A is an $n \times n$ matrix such that $A^2 = A$ I was doing the final homework of the term and got to the last question thinking I was gonna cross the finish line with ease until I got to the last two questions. The second last question, I completed with some difficulty and a lot of time but this question, I am completely lost. 
The question is:
Let $A$ be a $n \times n$ matrix such that $A^2 = A$.
a) Show that if $\lambda$ is an eigenvalue of $A$ then $\lambda = 0$ or $1$.
b) Let $E_1 (A) = \{x \in \mathbb{R}^n | Ax = x\}$; let $E_0(A) = \{x \in \mathbb{R}^n | Ax = 0\}$. Let $x$ be any vector in $\mathbb{R}^n$. Show
that $Ax \in E_1 (A)$ and $x − Ax \in E_0 (A)$.
c) Show that if $A$ is diagonalizable then $\operatorname{rank}(A) = \operatorname{tr}(A)$.
This course is supposed to be with no proofs but we have been given proofs in our homework again and again. I have very little experience on how to tackle proof questions from other courses so I'm gonna need help on this. Thanks guys.
 A: (a) If $\lambda$ is an eigenvalue of $A$ then there exists a non zero vector $v\in\mathbb{R}^{n}$ such that $Av=\lambda v$. Therefore $A^{2}v=A(Av)=A(\lambda v)=\lambda Av=\lambda^{2}v$. That is, $\lambda^{2}$ is an eigenvalue of $A^{2}$. If $A^{2}=A$, then $\lambda^{2}=\lambda$, i.e., $\lambda=0,1$.

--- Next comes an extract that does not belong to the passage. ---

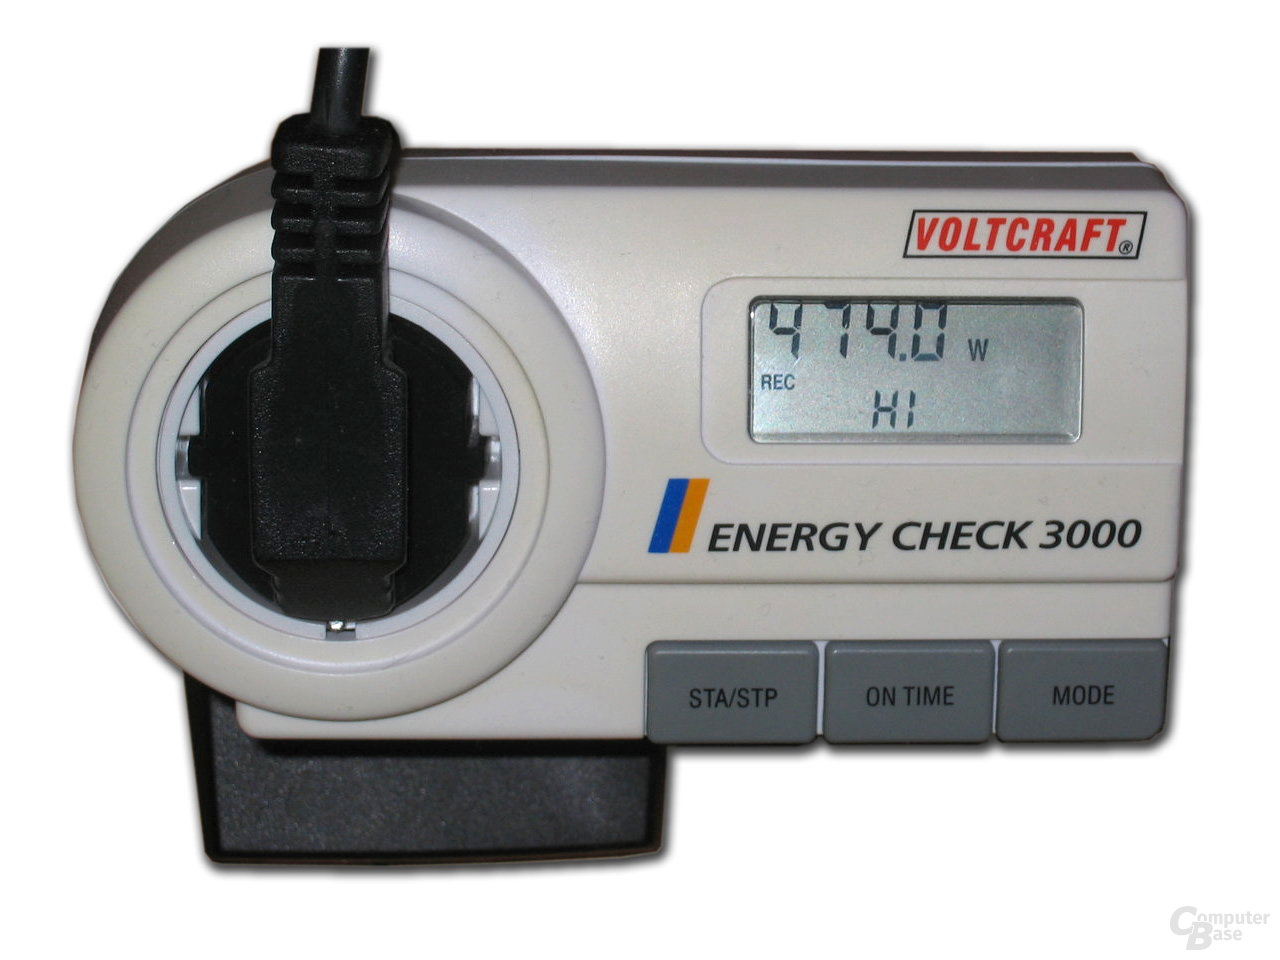 Stromverbrauchsmessung mit Voltcraft Energy Check 3000

(b) Since $A^{2}=A$, we have$A(Ax)=A^{2}x=Ax$. So $Ax\in E_{1}(A)$. Now $A(x-Ax)=Ax-A^{2}x=Ax-Ax=0$. Therefore $x-Ax\in E_{0}(A)$.
(c) If $A$ is diagonalizable then there exist $P_{n\times n}$ and $Q_{n\times n}$ such that $A=PDQ$, where $D$ is an $n\times n$ diagonal matrix consists of the eigenvalues of $A$ and $rank(A)=rank(D)$. Recall that the eigenvalues are only $0$ or $1$.
Now $tr(A)=$ sum of the eigenvalues = number of $1$ s on the diagonal of $D$ = $rank(D)=rank(A)$.
(*) Additional fact: From part (b) we see that $range(A)=E_{1}(A)$ and $ker(A)=E_{0}(A)$. Therefore $rank(A)=dim(range(A))=dim(E_{1}(A))$. 
A: (a) Suppose $Av = cv$ for some eigenvalue $c$ and nonzero eigenvector $v$. Then 
$$
A^2 v = c^2 v = Av = cv
$$
so 
$$
(c^2 - c) v = 0.
$$
Since $v$ is nonzero, that measn that $c^2 - c = 0$, so $c = 0, 1$. ar ethe only possibilities. 
(b) I'll let you give a shot at this one...just follow your nose to show that $Ax$ is in $E_1$. 
(c) If $A$ is diagonalizable, what numbers end up on the diagonal? What's their sum? 
A: For (a), recall that if $\lambda$ is an eigenvalue of $A$, then $\lambda^2$ is an eigenvalue of $A^2$. Thus which numbers satisfy this property?
For (b), $E_1(A)$ is really just the set of all eigenvectors for the eigenvalue $\lambda = 1$. Since you have one eigenvalue, this set is linearly dependent, so each vector is a scalar multiple of the other. Now, $Ax = x$ implies $AAx = Ax = x$, where the second equality is by definition, so $Ax$ is an element of $E_1$.
For $E_0$, consider the product $A(x-Ax)$. What does it equal?